31 Days of Horror: Day 25-- Classic Horror TV At Your Library

Today I welcome my colleague, Annabelle Mortensen of the Skokie Public Library.  When I asked Annabelle to contribute to this haunted celebration, she picked the topic of Horror TV.  Today, she shares an annotated list of the best classic horror television series that you can get with just your library card.

To see what else Annabelle is up to click here.  And here she is...

With The Walking Dead scoring record ratings and American Horror Story gracing the cover of Entertainment Weekly, horror TV is edging back into the mainstream. I say “back” because there once was a time when spine-tingling series regularly terrorized the airwaves. These programs aren’t just frightfully good in their own right, but they also were key influences for the top horror writers and filmmakers of today. Fortunately the classics listed below are all available on DVD, ready to be discovered by a whole new generation unafraid of the dark.

The Twilight Zone (1959-1964)
Rod Serling’s brainchild was a heady mix of horror, sf, fantasy, drama and social commentary. Amazingly, this anthology series received only middling ratings when it first aired, but it quickly became a pop-culture touchstone. Some of the scares are psychological (“Stopover in a Quiet Town,” where a young couple can’t escape a deserted neighborhood), while others will haunt you for decades (the talking doll who menaces Telly Savalas in “Living Doll” … eek!).

Thriller (1960-1962)
Steven King once called this anthology “the best horror series put on TV.” Hosted by and occasionally starring horror icon Boris Karloff, it boasted guest roles by a who’s-who of future TV stars, including Mary Tyler Moore, William Shatner, Elizabeth Montgomery, Leslie Nielsen, and more. The effects are cheesy, but the show’s macabre sensibility—with thrills that are suggestive, not graphic—still holds up.


Dark Shadows (1966-1971)
Dark Shadows falls into the realm of Not Quite Horror, but given its forthcoming silver screen adaptation by Tim Burton and Johnny Depp, this gothic soap opera is well worth revisiting. The show, like most soaps, centered around love triangles and family secrets, except that those secrets often involved curses, ghosts, werewolves, witches and more. The star of the show was 150-year-old vampire Barnabas Collins (the peerless Jonathan Frid), a conscience-ridden bloodsucker who moves in with relatives who are unaware of his supernatural nature.

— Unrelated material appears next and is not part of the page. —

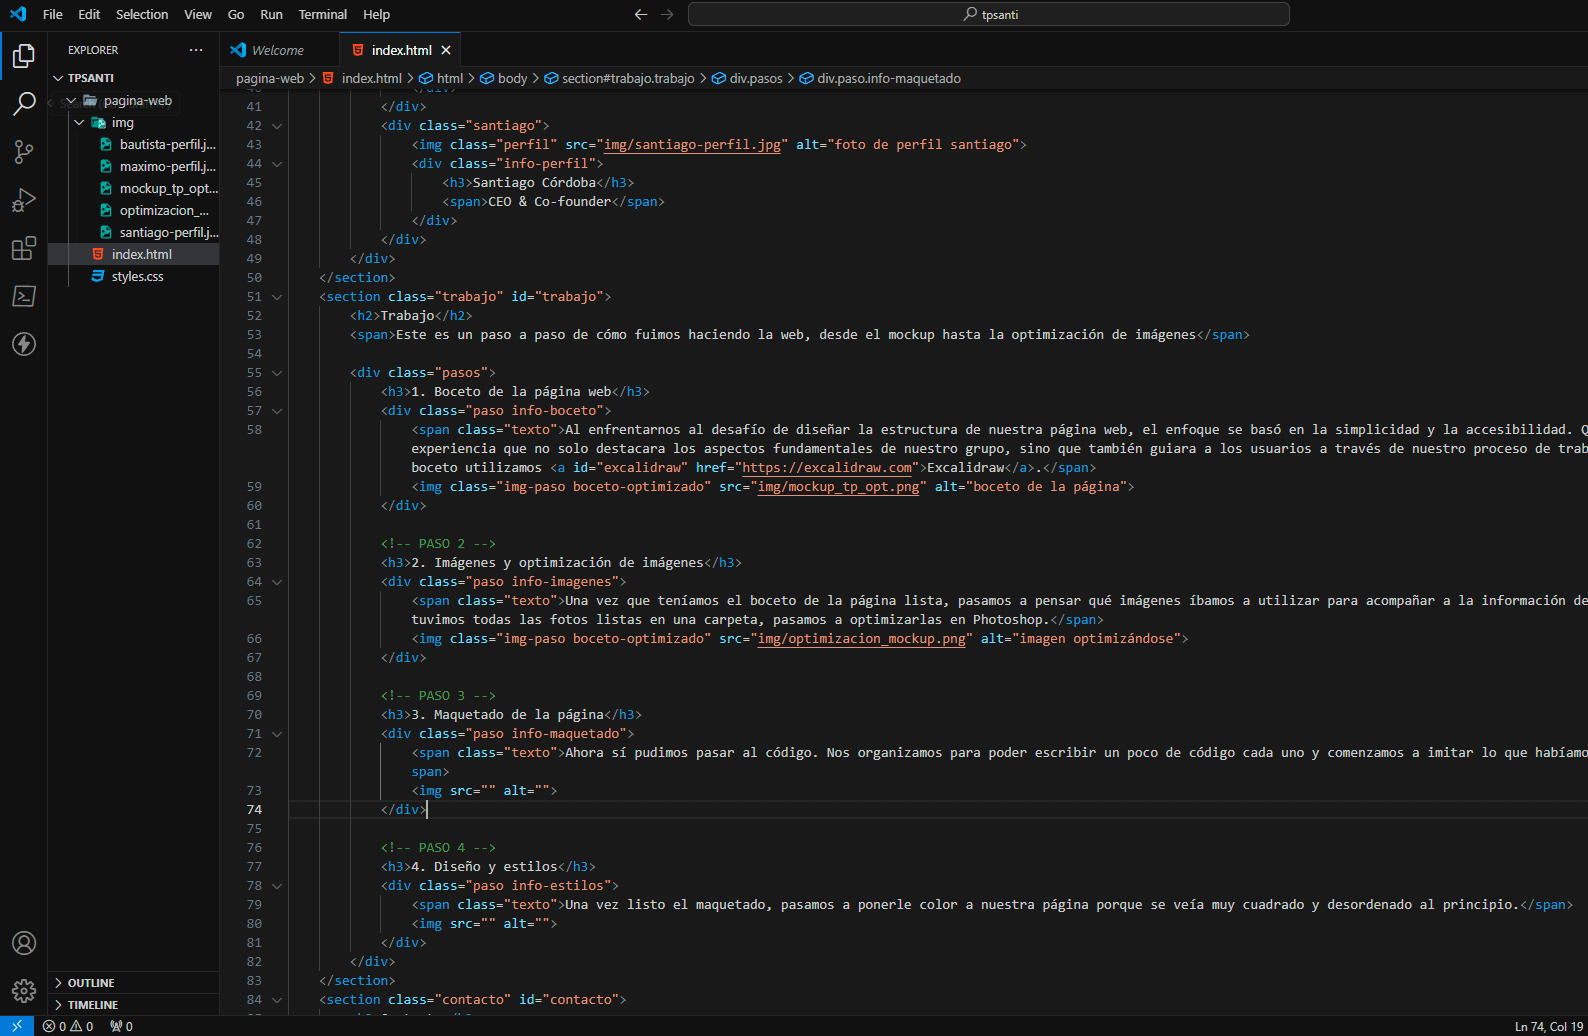 código html del proyecto

Rod Serling’s Night Gallery (1970-1973)
Serling returned to television with this horror anthology that ran for three seasons on NBC. Conflicts between NBC and Serling lead to a falling out (the network went as far as rejecting some of his scripts), but the series nonetheless has some memorable frights, such as “The Caterpillar,” about a bug that crawls into … Well, I’d actually rather not think about it. Just watch the episode on Hulu … if you dare.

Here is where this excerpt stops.